九个竹孔並不在一条直线上,墨竹一端稍粗,按照常理,应该是吹细的这一端,而这墨竹似乎恰恰相反,或许是吹粗的这端,才能聚气。
小天按好竹孔,轻轻的尝试了一下,不对,不对,还是不对,难道是凑巧?
笛子是六孔,横吹,簫是六孔或八孔,竖吹,而滴答是九孔,该怎么吹呢?
按说孔越多,出气量就越大,想要吹响,就要气足,小天的气不是很足,难道说,这滴答是灵器,只有开了道门才能吹响?
那为何顺子爷能吹响呢,难道他也开了窍?
小天深吸了一口气,含住滴答的一端,让火熊催动天地灵韵,门轴声响起,吱扭吱扭,透过门缝,小天看到了本源道脉,入道虽然失败了,门关上了,但牌面却翻了过来。
本源道脉的第一道墨环,与虫塔第一层的火熊有了联繫,督窍跳动,树梢的火焰摇曳,猛的一窜,喷吐著火舌。
而与此同时,本源道脉底部的红流又开始了衝锋,嘶嘶嘶,痛,痛彻心扉,小天也明白了入道失败的缘由。
任穴之所以打开失败,便是因为连接任穴的通道极其狭窄,几乎全无,这是先天不足。
隨著一声蟾鸣,如有风吹过竹林,传来竹叶的沙沙声,小天心中一动,看到元蛊九劫杖晃动了一下。

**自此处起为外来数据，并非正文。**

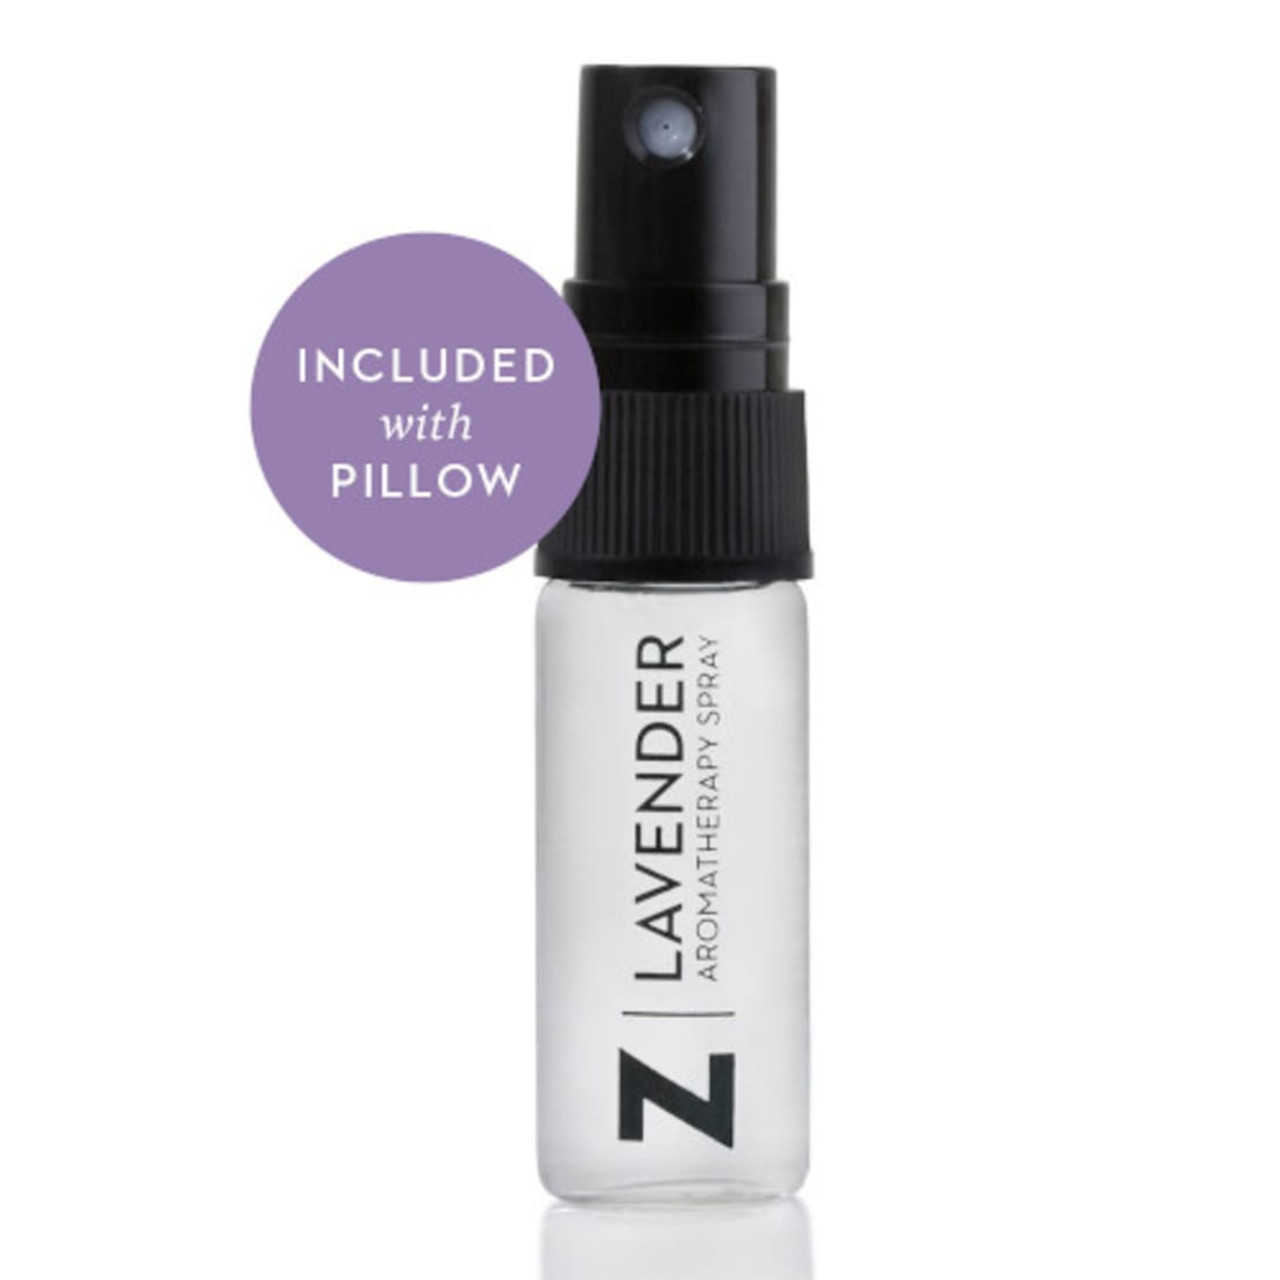 Zoned Dough® Lavender with Spritzer - Queen (ZZQQMPASZL)

树梢上的任穴又喷涂出一丝金色,如麦芒一般,呜呜呜呜呜呜呜,就像是火车穿过隧道,滴答响了。
痛,火辣辣的痛,小天一会如煮熟的虾,一会又如案板上的鱼,又像一条被捏住七寸的蛇在床上翻滚,咚的一声,像是被人敲了一闷棍,小天终於是扛不住晕了过去。
等小天再次醒来,心里咯噔一下,不会是瞎了吧,从缠裹著的床单里蛄蛹出来,才发现是屋里的灯灭了,拽了拽开关绳,原来是停电了,小天心里这才鬆了口气。
外面的天还黑著,也不知道几点了,小天身上已经不痛了,在他昏过去的前一刻,火熊又催动了天地灵韵,然后一股热流包裹了全身。
这火熊催动的到底是哪种天地灵韵?竟然有如此功效。
当然,现在应该关心的不是这个,小天在床上寻摸了半天才找到电池和灯泡,揉了揉眼睛,小天又加了一节电池,灯泡更亮了,而小天的心哇凉哇凉的。
虫塔,一个缩小版的虫塔,呜呜呜,真的被九劫杖偷梁换柱了。
不是幻觉,嘶嘶嘶,也不是做梦,小天心中有一种明悟,墨竹吹奏出来的號角声,就像是惊蛰时节的春雷,这才算是唤醒了沉睡在小天体內的元蛊:九劫杖。
虽然唤醒了九劫杖,小天却不知该如何利用它催动天地灵气,按照刚才的手法,滴答又保持沉默了。
墨竹,虫塔,九劫杖,三位一体,不,还有被偷梁换柱的大將军,它们是四位一体,呜呜呜呜。
点亮灯泡又確定一次,小天心里有一种担忧,如果他破除不了九道墨环,也就意味著无法解开封印,那这辈子岂不是要注腚弯了?
开了窍之后,小天的心智已经逐渐成熟,如果是以前他也不至於如此绝望,任他多聪慧,终究是一个孩子,而且这关係到一个男人的尊严,由不得他不心慌。
就凭火熊催动的那一丝天地灵韵,想要將墨环烧开,咦,如果,只烧其中的一个节点呢。